Step 7: Identifying and resolving bottlenecks
- Identify any single points of failure and discuss mitigation
- Discuss redundancy and backup plans for data and services
- Discuss performance monitoring
key characteristics of distributed systems
- Scalability
- Reliability
- Availability
- Efficiency
- Serviceability or Manageability
Scalability
capability of a system, process, or network to grow and manage increased demand
Horizontal vs vertical scaling
- Horizontal is easier to scale dynamically by adding machines
- Vertical scaling is upper limited and may involve downtime
- Horizontal scaling examples: Cassandra, MongoDB
- Vertical scaling examples: MySQL
Reliability
- Probably a system will fail in a given period
- Distributed system: keeps delivering services with one or several component failures
- Availability over time
Availability
- Time a system remains operational over a specific period
* Accounts for maintainability and repair
Efficiency
- Latency / response time to requests (correlates to number of messages)

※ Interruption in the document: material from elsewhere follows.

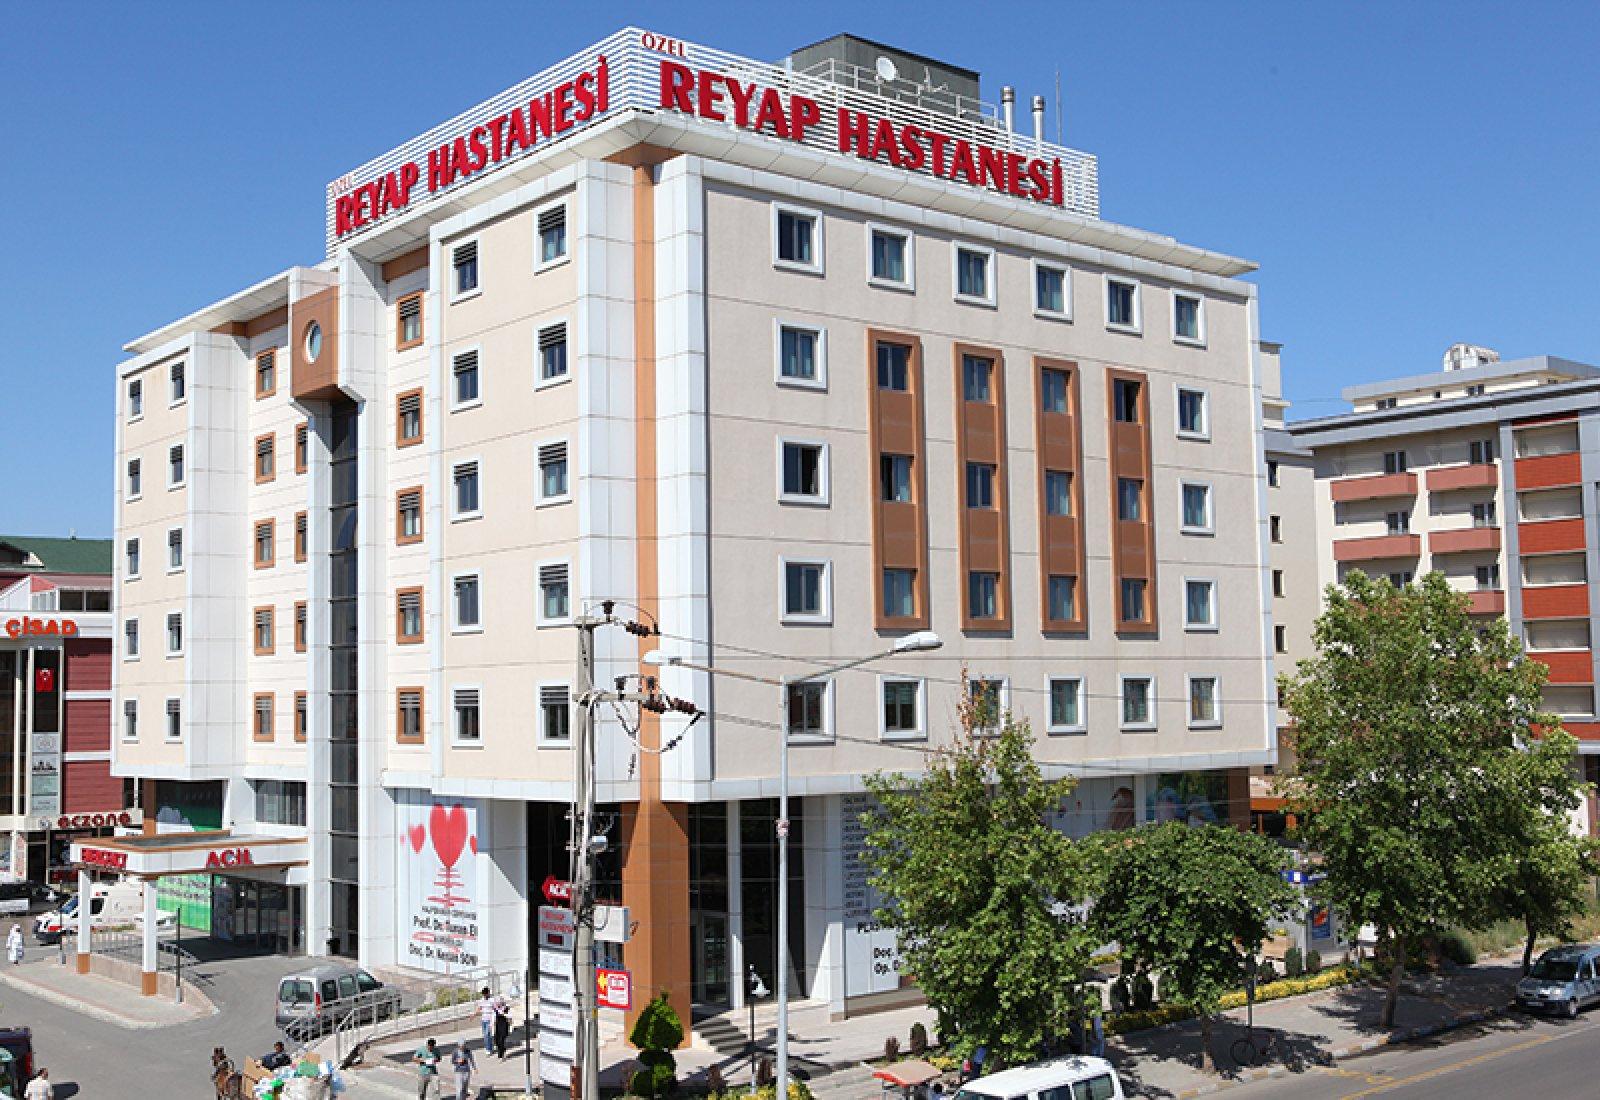 Çorlu Özel Reyap Hastanesi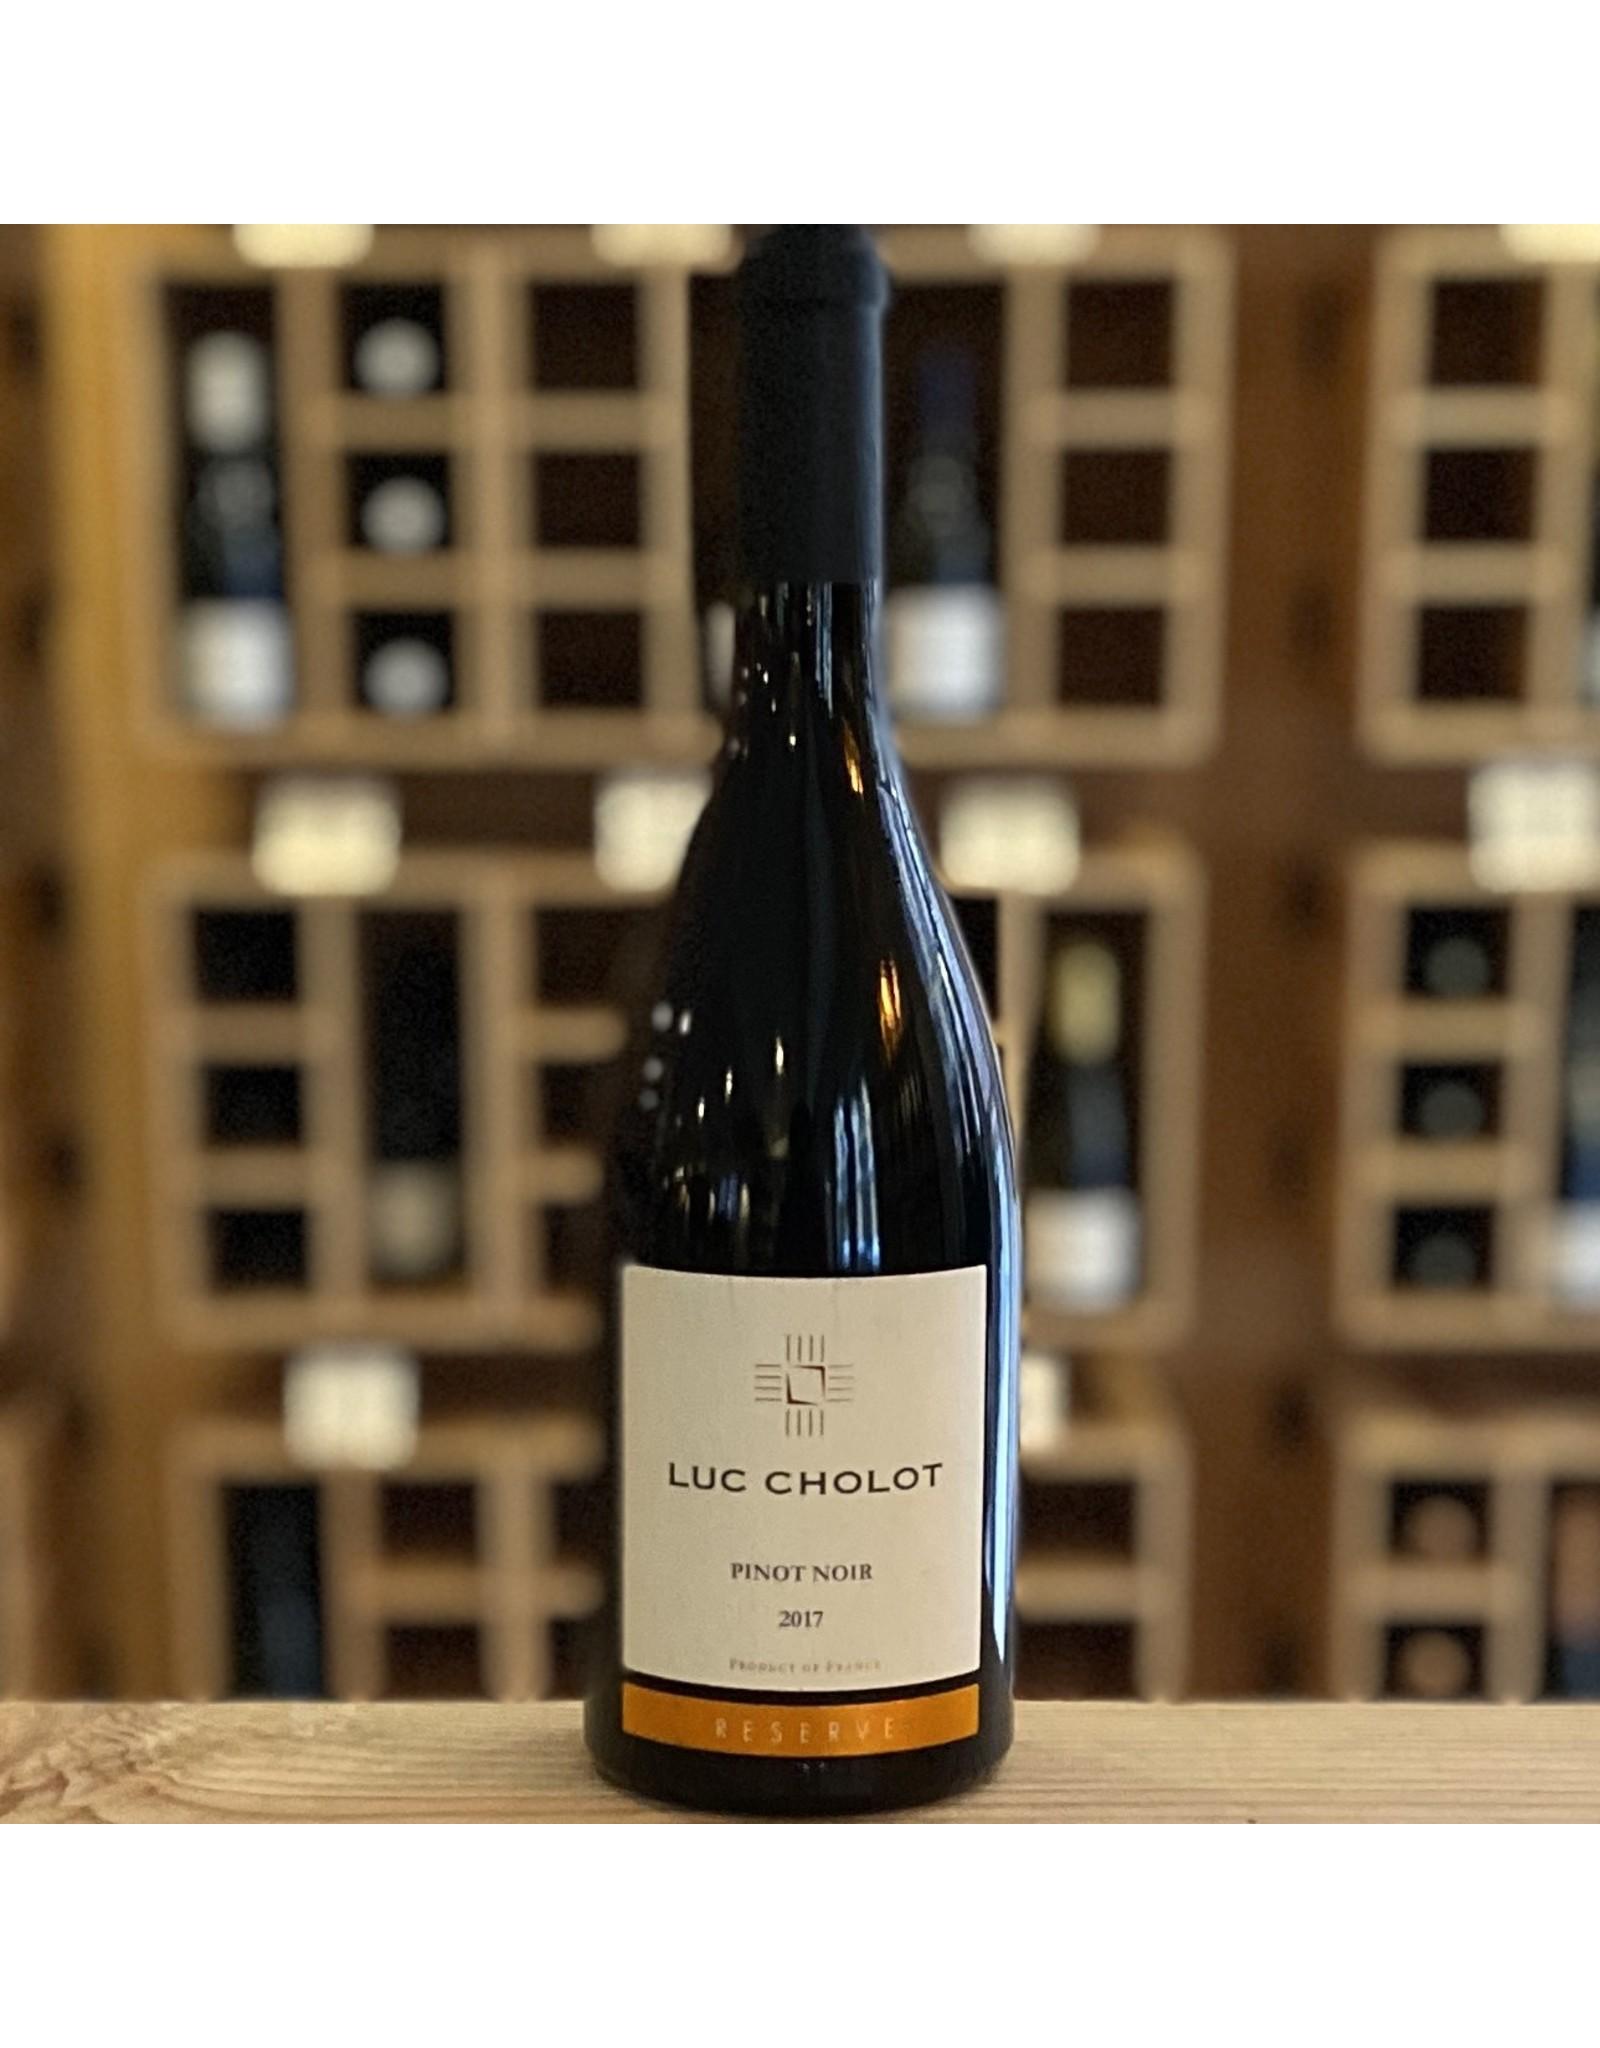 """Languedoc-Roussillon Luc Cholot """"Reserve"""" Pinot Noir 2018 - Lanquedoc-Roussilon, France"""

- throughput / bandwidth (correlates to size of messages)
Serviceability / manageability
- Ease to operate and maintain
- Simplicity and speed of repair (as it increases, availability/reliability decrease)
- Considerations: ease of diagnostics, ease of updates
- Automated fault detection
Load balancer
- component to spread traffic across a cluster of servers
- improves responsiveness and availability
- crucial to horizontal scaling
- Ensure health of chosen server
- Select a healthy server
Load balancing placements
- Between client and web server
- between web servers and internal layer (app servers)
- between internal layer and database
Load balancer: least connection method
- directs traffic to server with fewest connections
* good for large number of persistent connections
Load balancer: least response time method
- directs traffic to the server with the lowest response time
Load balancer: least bandwidth method
- selects the server that is currently serving the least amount of traffic
Load balancer: round robin method
- cycles through available servers and sends each request to the next server
- good for servers of equal specs and few persistent requests
Load balancer: weighted round robin method
- round robin but with weights on different servers based upon processing capacity
Load balancer: IP hash method
- client IP address is hashed and servers are each assigned blocks of hashes
Load balancer redundancy
- can be a single point of failure
- can add more LBs to form a cluster of active/passive instances
- clustered LBs monitor each other and passive takes over if active fails
Caching
- locality of reference principle: recently requested data is likely to be requested again
- often implemented near front end to reduce downstream traffic
Application server cache
- cache placed directly on request layer, check if each request is in the cache before fetching from disk
- can have multiple layers, e.g. node memory -> node disk (still faster than network)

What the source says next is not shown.